(Data excerpts)
☆ ☆ ☆

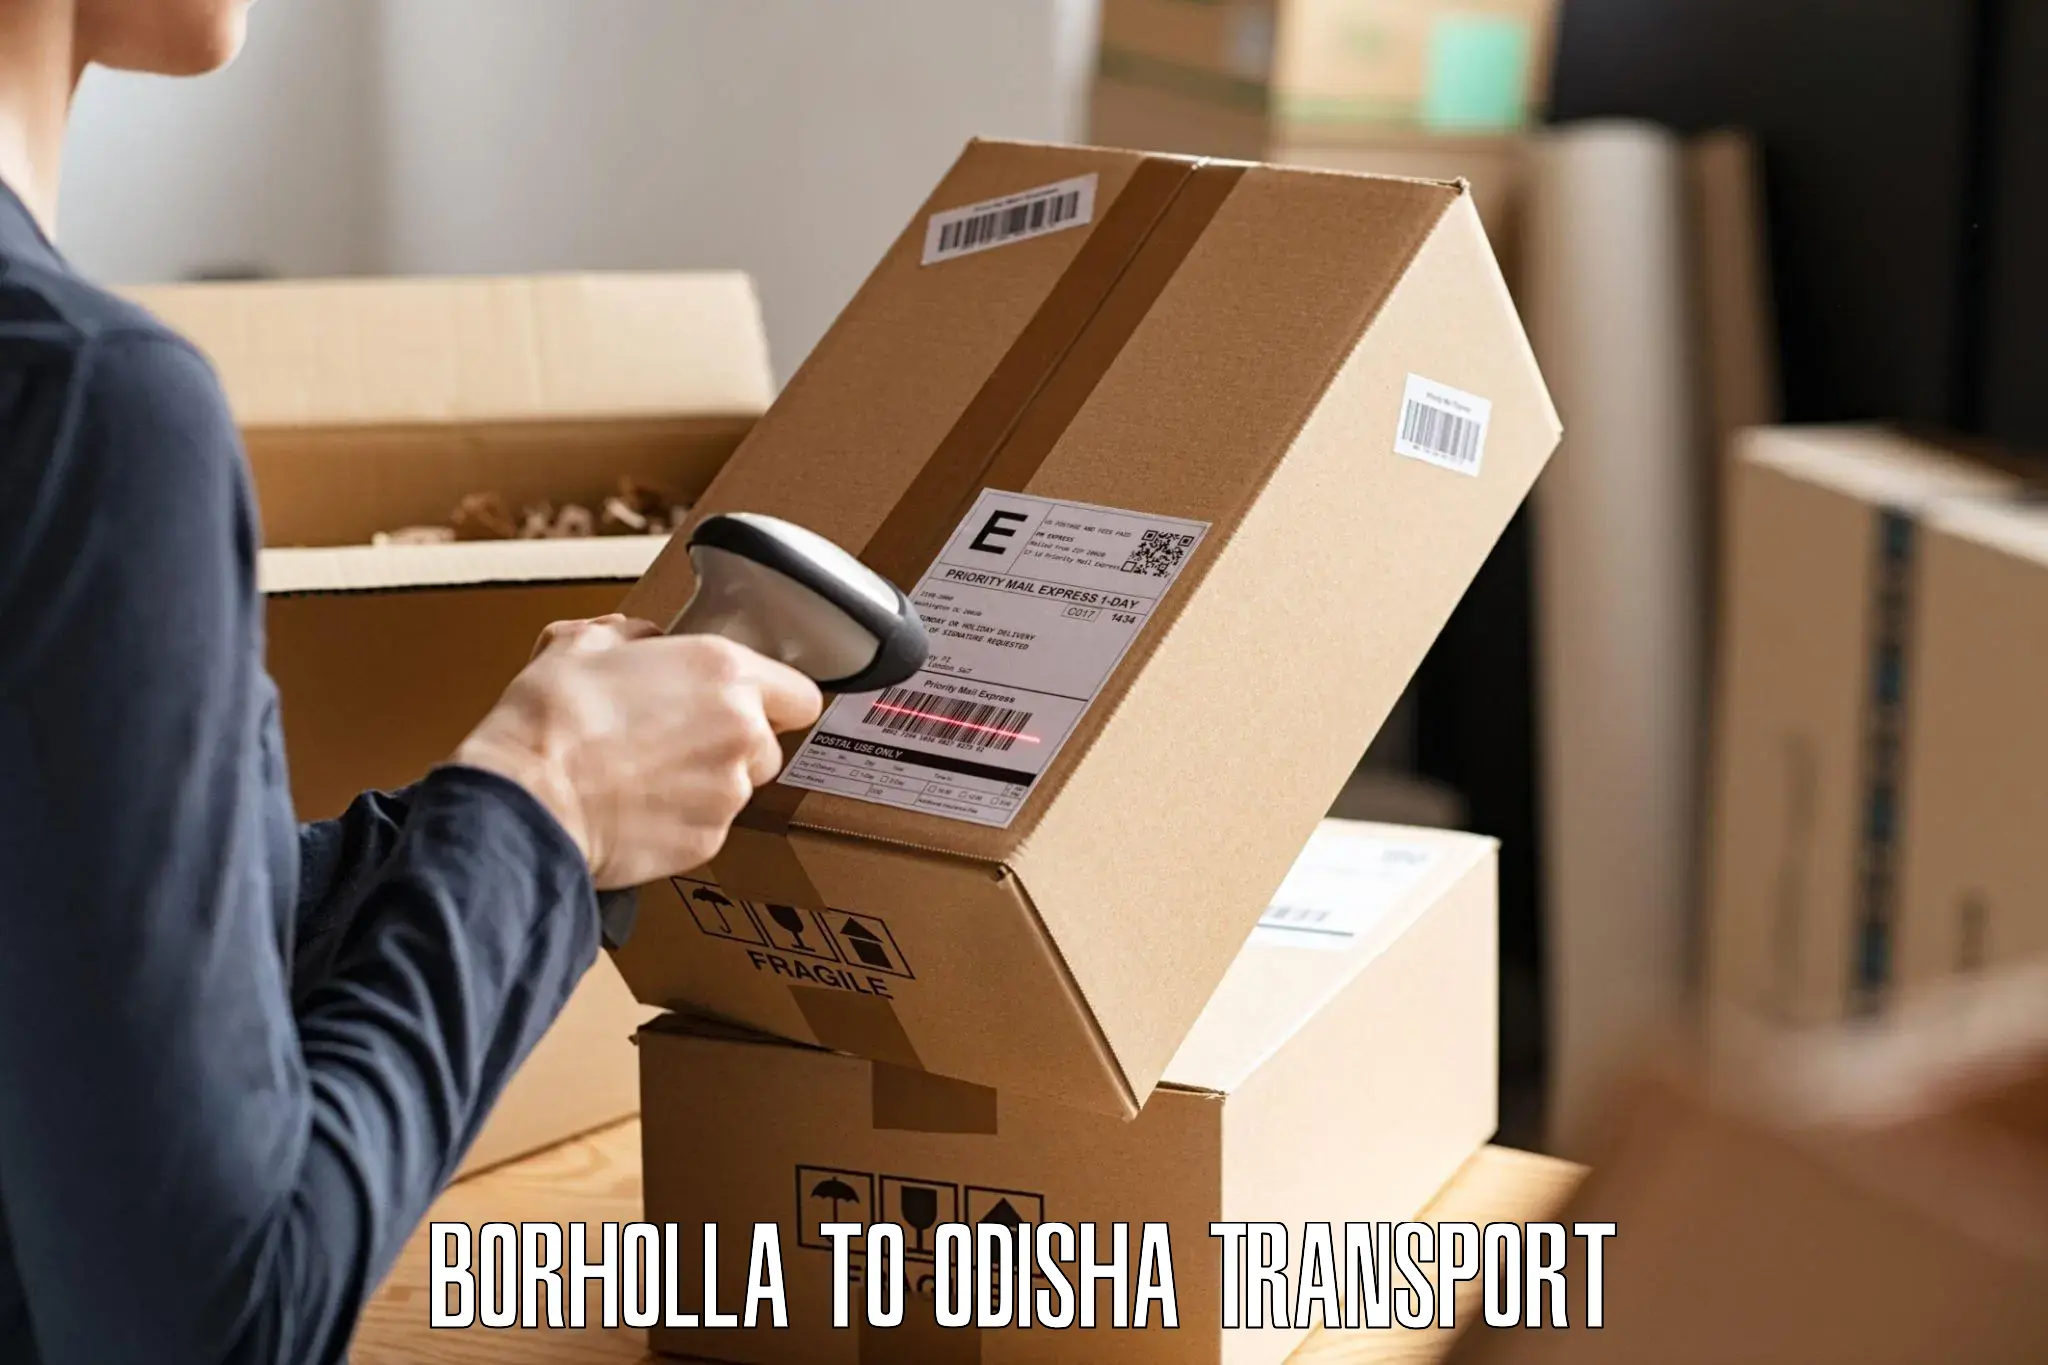 Nearest transport service Borholla to Udala
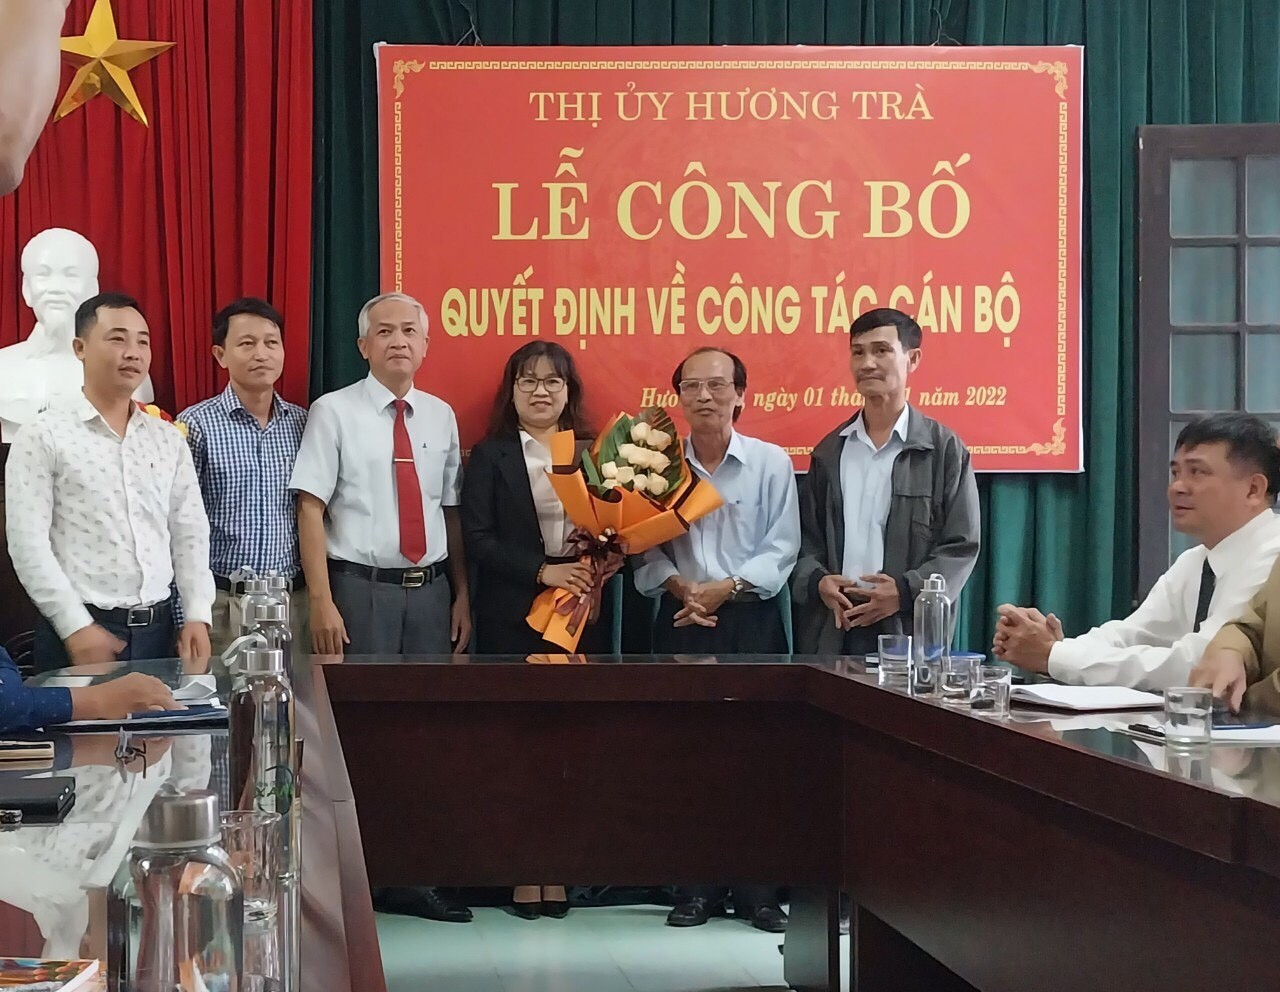 Thị ủy Hương Trà công bố Quyết định bổ nhiệm, chỉ định cán bộ
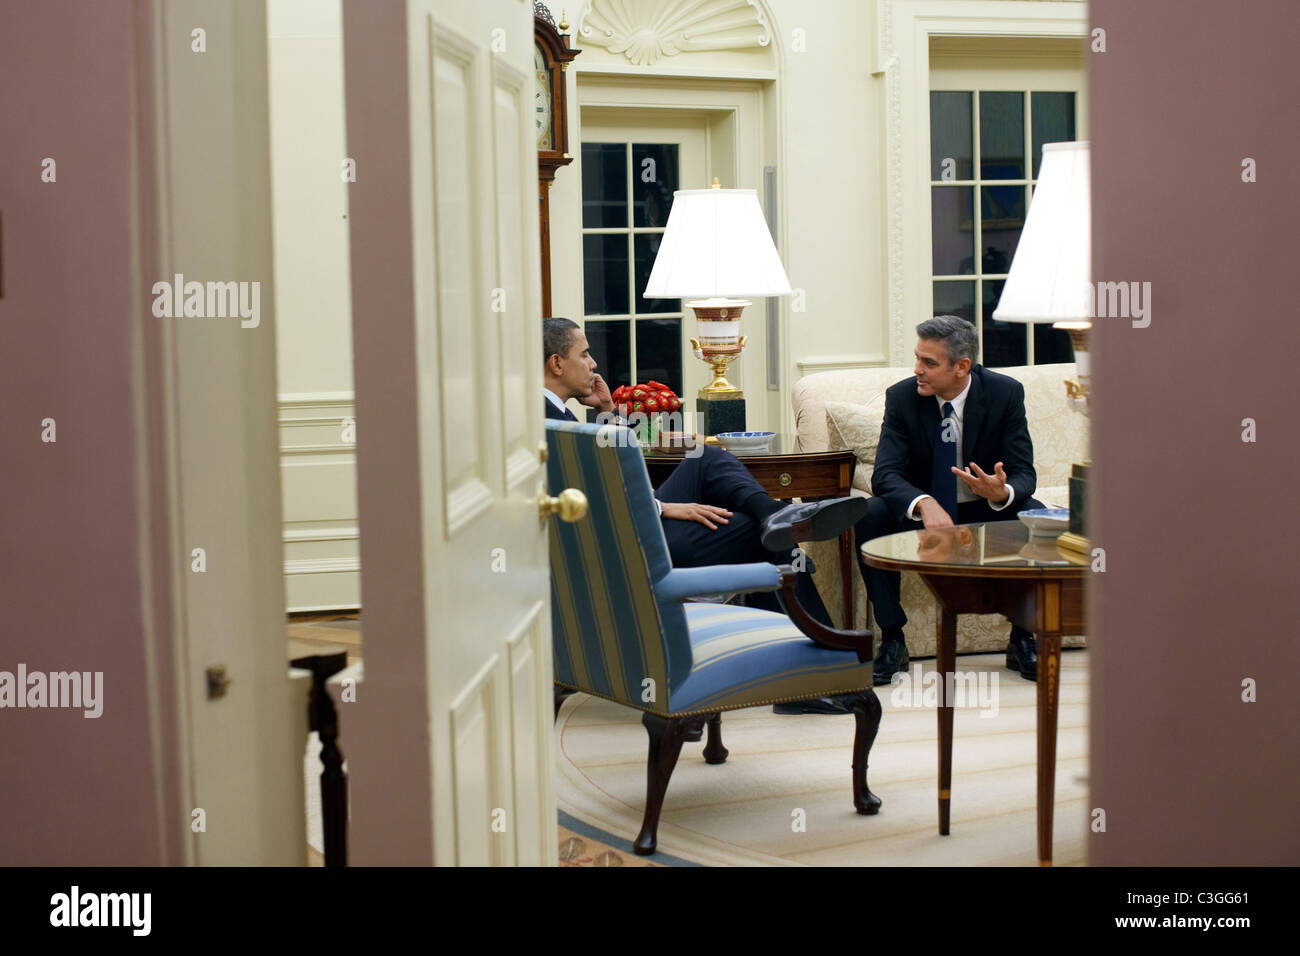 Präsident Barack Obama trifft mit dem Schauspieler George Clooney im Oval Office Washington DC, USA - 23.02.09 weiße Haus Beamter Stockfoto
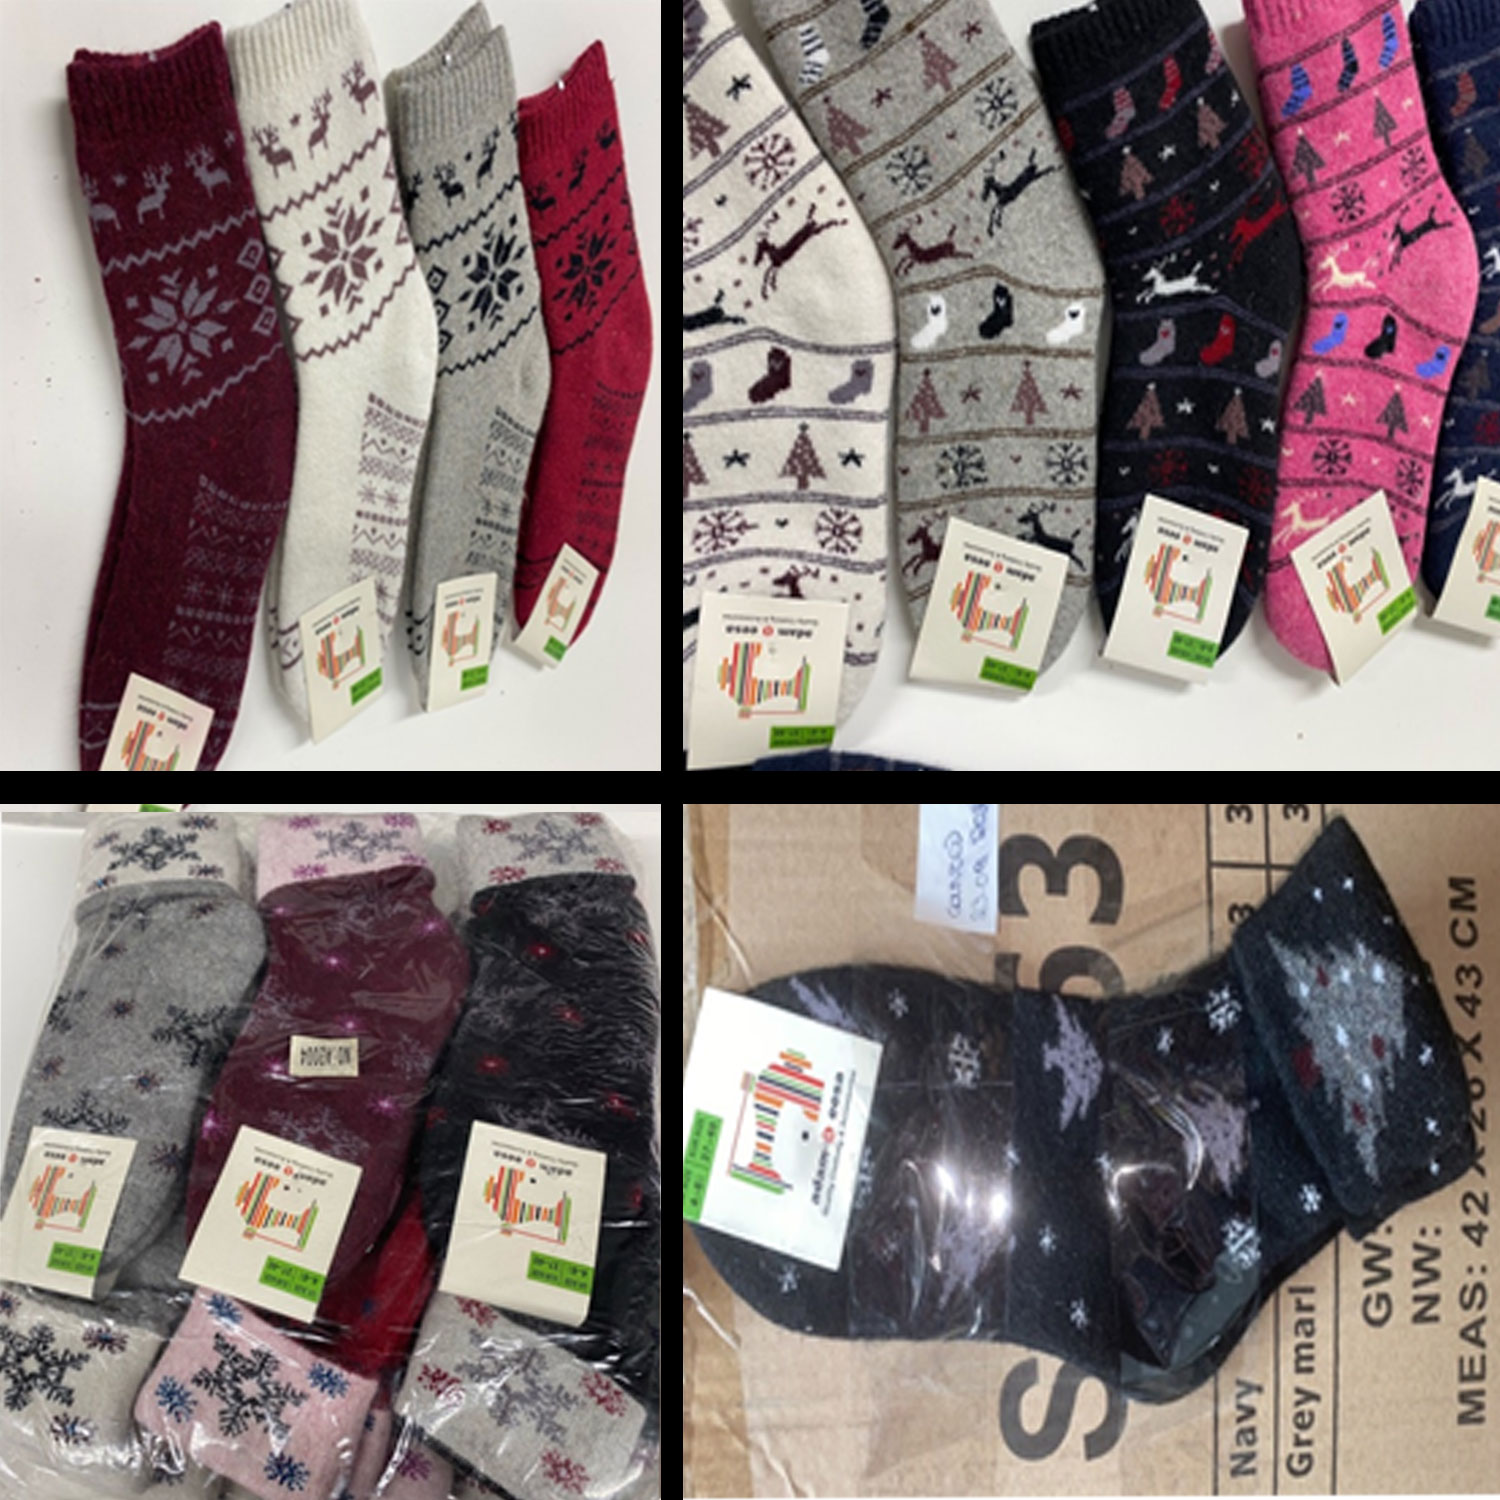 30 Dozens of New Womens Christmas Socks for Resale Joblot
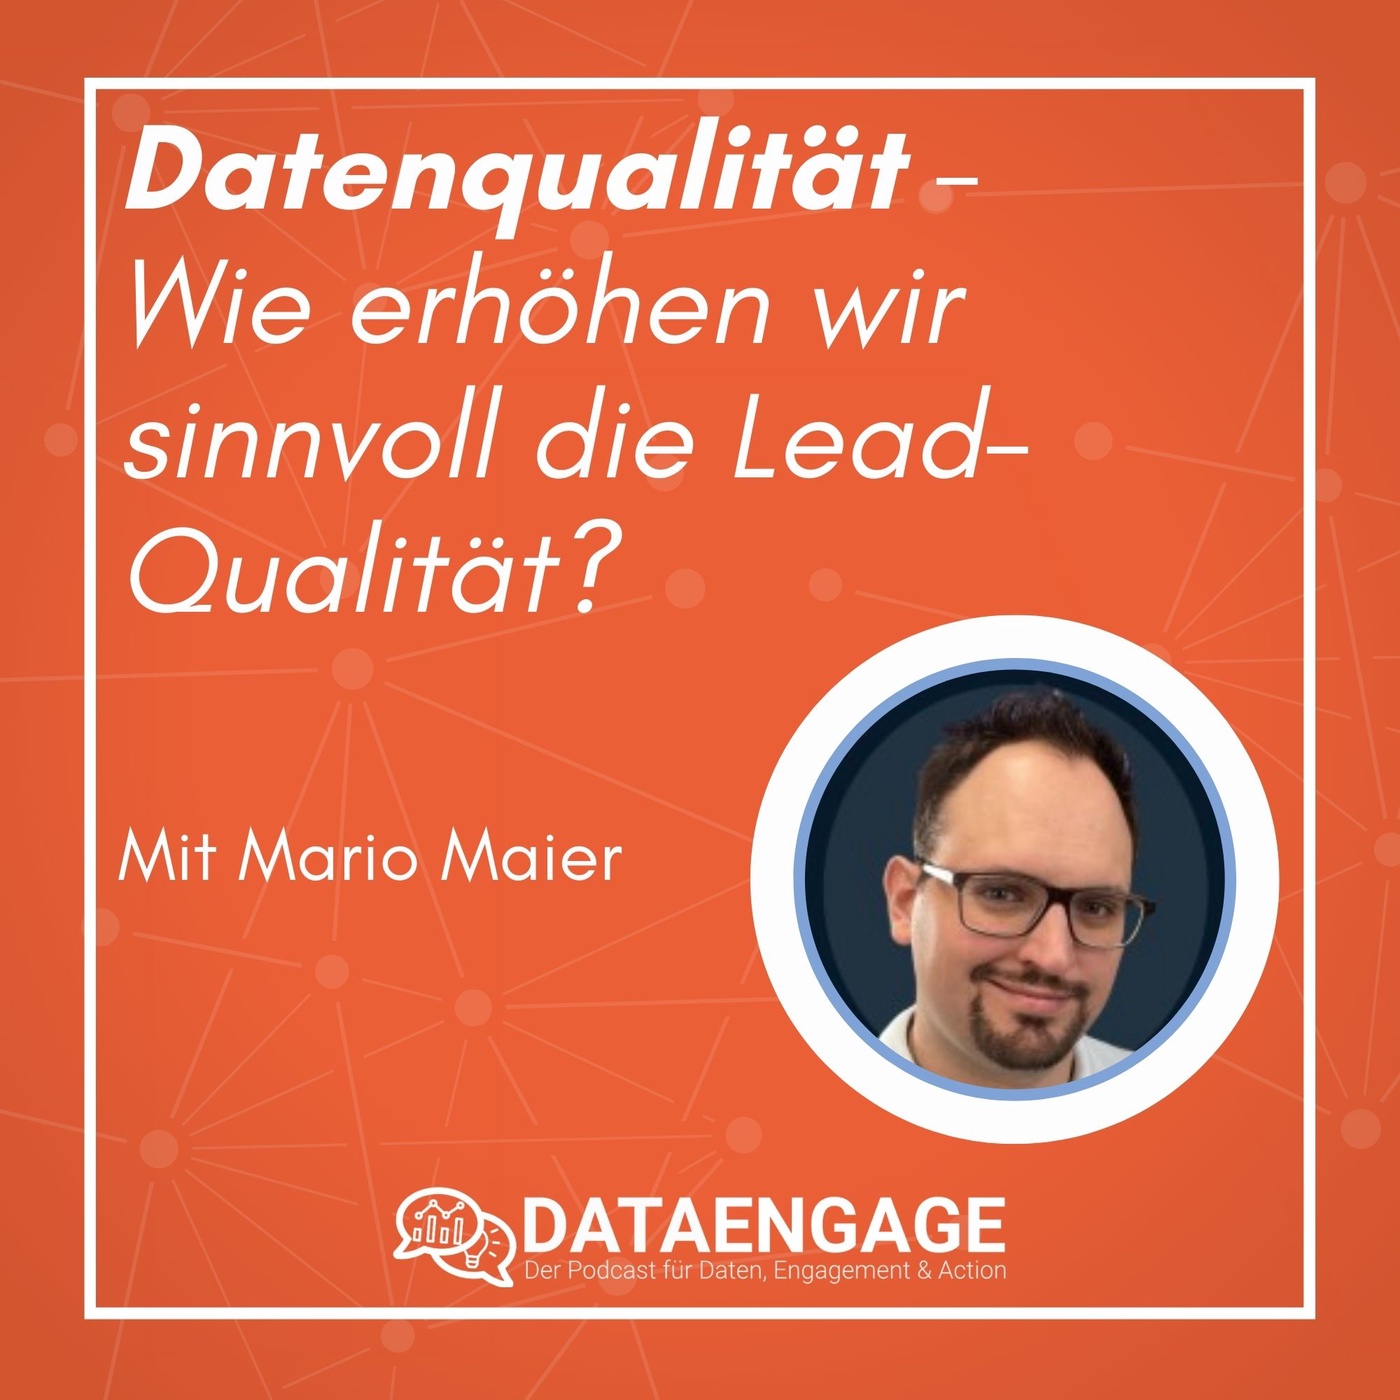 Datenqualität - Wie erhöhen wir sinnvoll die Lead-Qualität? mit Mario Maier

☆ ☆ ☆

(DESCRIPTION OF THE TASK) Beginning with the line that contains "30 Dozens of" and ending with the final line of the entries, every line must be copied exactly; the pictures must not.

(ANSWER SECTION)
 30 Dozens of New Womens Christmas Socks for Resale Joblot
 Datenqualität - Wie erhöhen wir sinnvoll die Lead-Qualität? mit Mario Maier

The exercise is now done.